Prev Input:sandra      True: moved          Pred: is
Prev Input:moved       True: to             Pred: to
Prev Input:to          True: the            Pred: the
Prev Input:the         True: garden.        Pred: bedroom.

This code takes a sentence and predicts the word the model think is most likely.

Looking at predictions can help us understand what's going on¶

We can look at the predictions of the neural network as it trains to understand not only what kind of patterns it picks up, but also in the order in which it does so. Neural Networks tend to start off random, but after some amount of training, the NN picks up the most frequent word and predicts it as a default (this is an extremely common error in RNNs).

It's important to know that there is almost no way this network can predict the next word perfectly. More context is needed to solve this task, but the fact that it's unsolvable, creates educational analysis for the ways in which it fails.

Summary¶

RNNs Predict over arbitrary Length Sequences¶

In this chapter, we learned how to create vector representations of arbitrary long sentences.

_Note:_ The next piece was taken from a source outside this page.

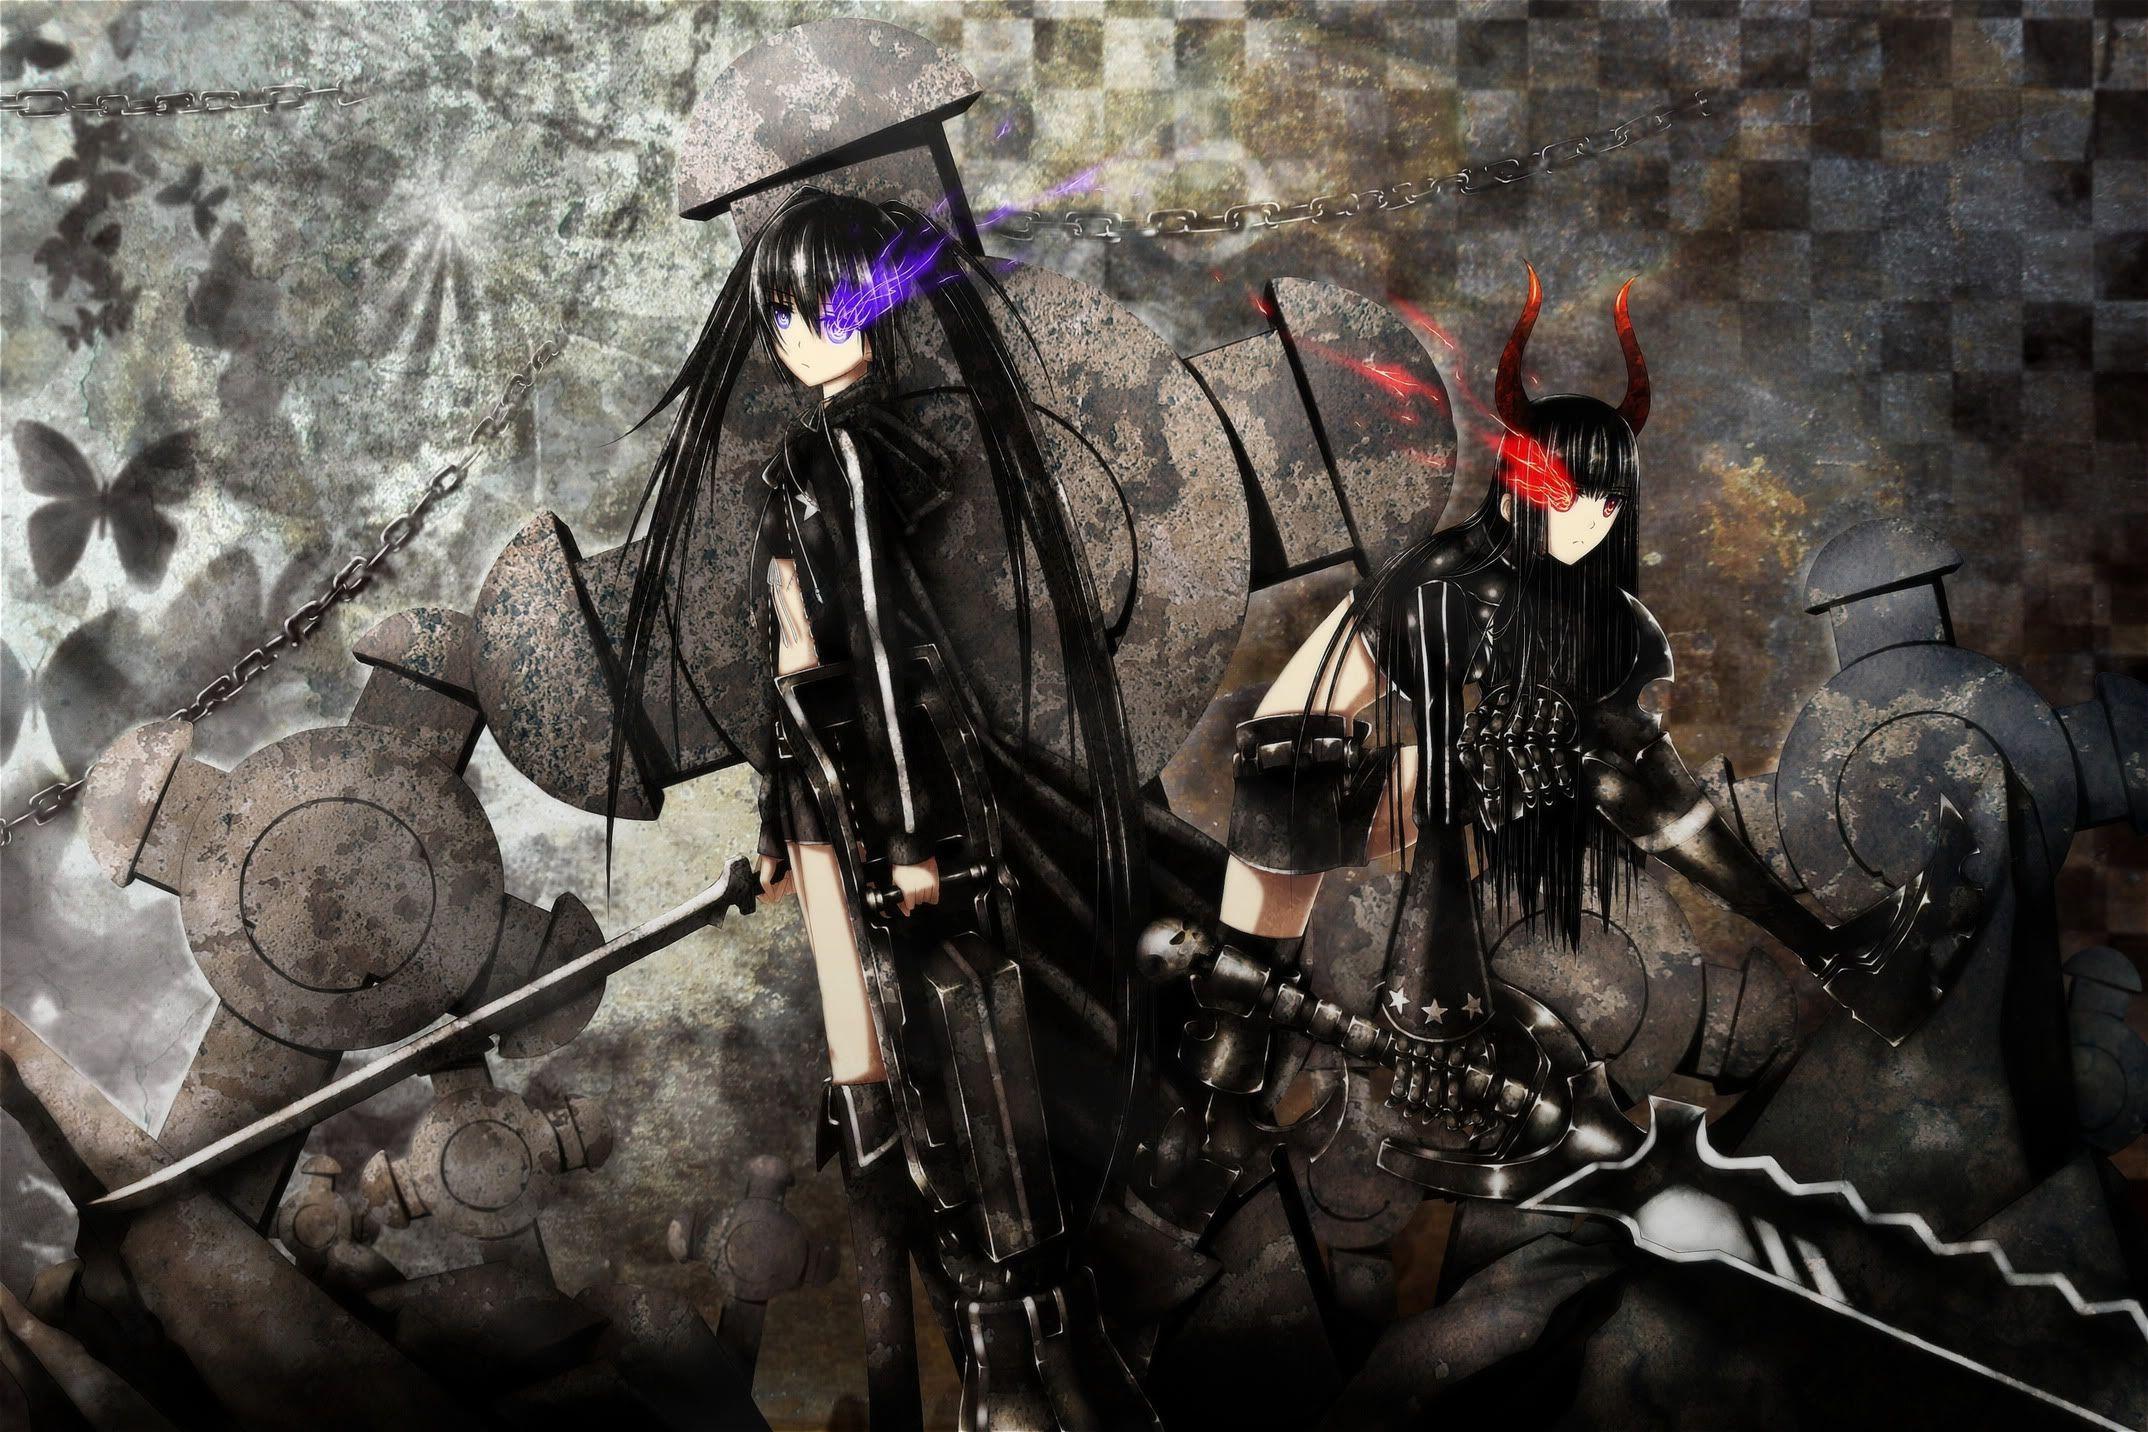 Anime Black Rock Shooter Black Rock Shooter Ova Anime Badass Girl Weapon Sword Black Rock Shooter Anime Wolf Girl Anime Wallpaper

One question remains: How does a neural network fit a variable length sequence into a fixed size vector? The truth is, sentence vectors don't encode everything in their vector. The name of the game in RNNs is not just what these vectors remember, but also what they forget.

In the case of predicting the next word, RNNs learn that only the last few words matter.